I occasionally listened to the testimonies of Holocaust survivors that were broadcasted on screens found in the different levels of the museum. But History once more spoke and captivated my attention. “Come,” it insisted, “listen to the victims speak for themselves, those are the ones who can tell you about things that no one else had witnessed.” So I listened to Daniel, David, Jacob, Elijah, Moses, Cohen, Isaiah, Rachel, Deborah, Miriam, Hannah and Diana. They each told me about their last hours as they encountered a cruel and dreadful death. Some of them met death in labor camps, some in the overcrowded trains that were transporting them to places of execution, some in concentration camps, others in gas chambers, some were buried alive along with thousands of others in Jewish ghettos, while some were shot standing in line waiting to be killed — painful and horrifying stories that expose an appalling human brutality and ruthlessness. They spoke of the international community that failed them, neither offering protection nor refuge. They told me of the doors that were shut in their faces, irrevocably sealing their fate. They explained how they became the focus of a wave of hatred that infected Europe, spreading from one place to another like a deadly virus.

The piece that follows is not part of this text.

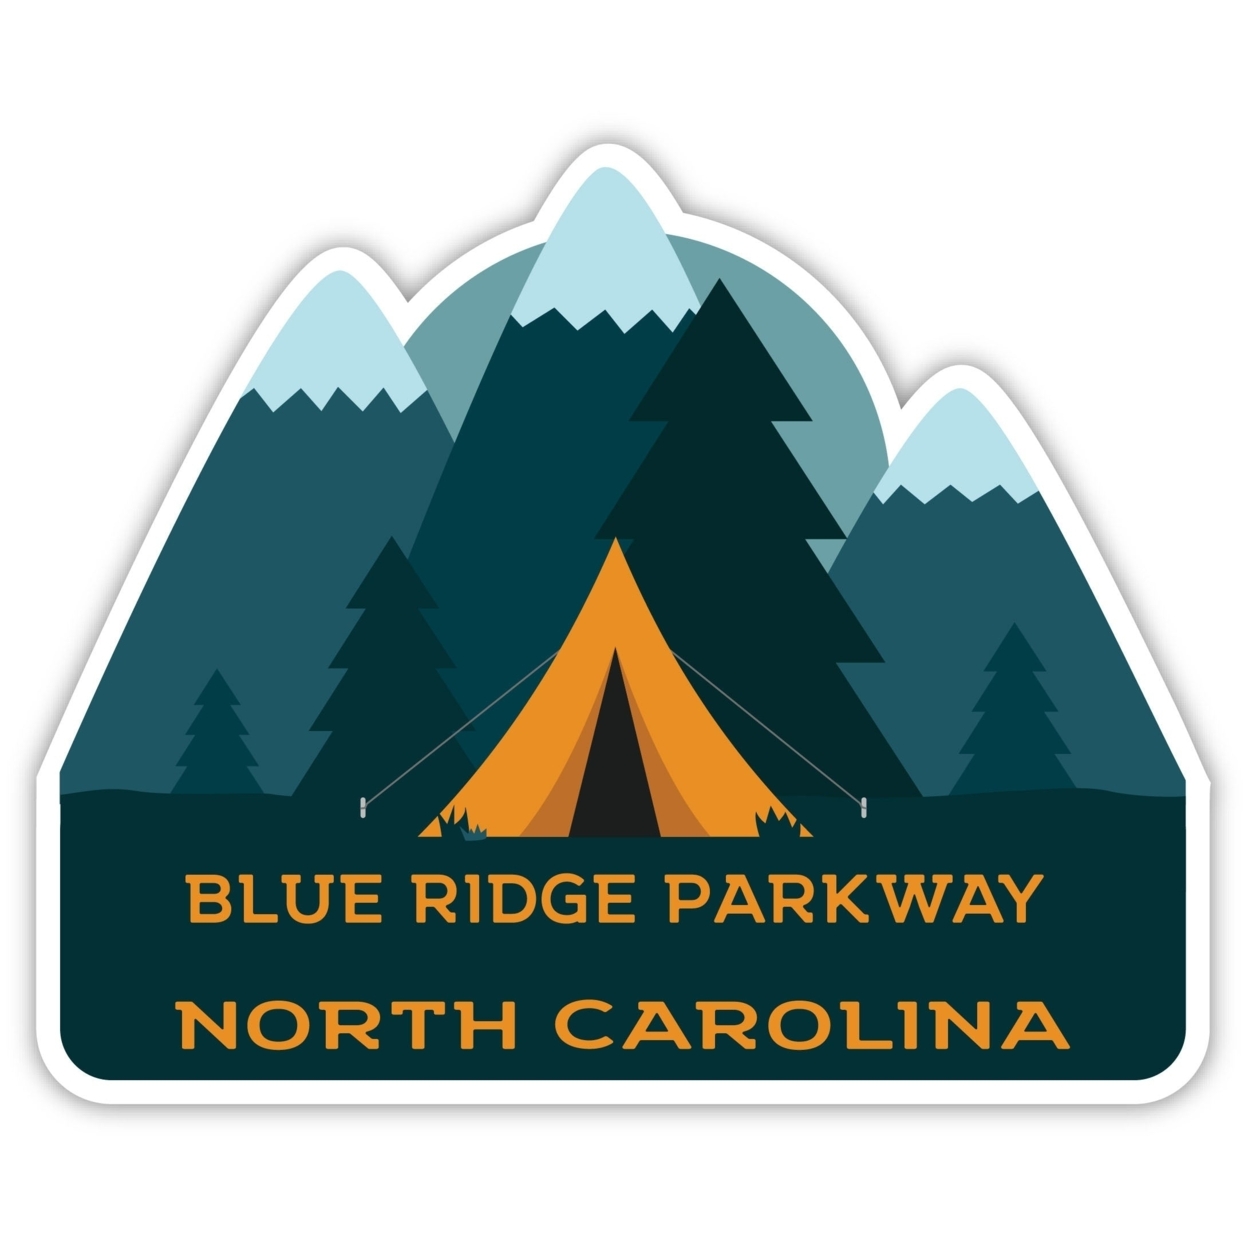 Blue Ridge Parkway North Carolina Souvenir Decorative Stickers (Choose Theme And Size) - 4-Pack, 4-Inch, Tent

The one thing that gave me a measure of comfort after listening to the victims were Daniel’s words: “Write down what you hear from us so that humanity may avoid a repeat of that tragedy. We now dwell in a place of comfort and happiness, and the only reason we are telling you our story is to help mankind avoid similar disasters.” After being overwhelmed with grief at the atrocities that were revealed to me, I found real comfort in the fact that the victims of those atrocities had found happiness in the next life.
I came back to my own reality, and my own corner in the world in the Middle East, and I found the hatred against Jews had in fact changed places from Europe to the Middle East. In the Nazis’ era, the hatred against Jews was a state policy and a general culture. However, the hatred they face in the Middle East is much more dangerous, as it has morphed into some kind of human instinct and a religious culture. From a very young age, children are being fed hatred against Jews with their mother’s milk, inheriting it along with their genes. The sermons taught in mosques proclaim that the end of the world will not happen unless Muslims kill every single Jew, claiming that even the trees and rocks will call upon Muslims to kill the Jews taking shelter behind them. On the International al-Quds Day which was celebrated on August 17, 2012, Mr. Hassan Nasrallah[1] brazenly stated that “our struggle with the Zionist enemy is a matter of religion and doctrine,” which suggests that Mr. Nasrallah and his Islamist friends see no other solution except the complete eradication of the Jewish people. The Jewish State is surrounded by hate from all corners, caught in between terrorist organizations and states like Hamas, Hezbollah, Iran, Sinai and soon Al-Qaida in al-Golan.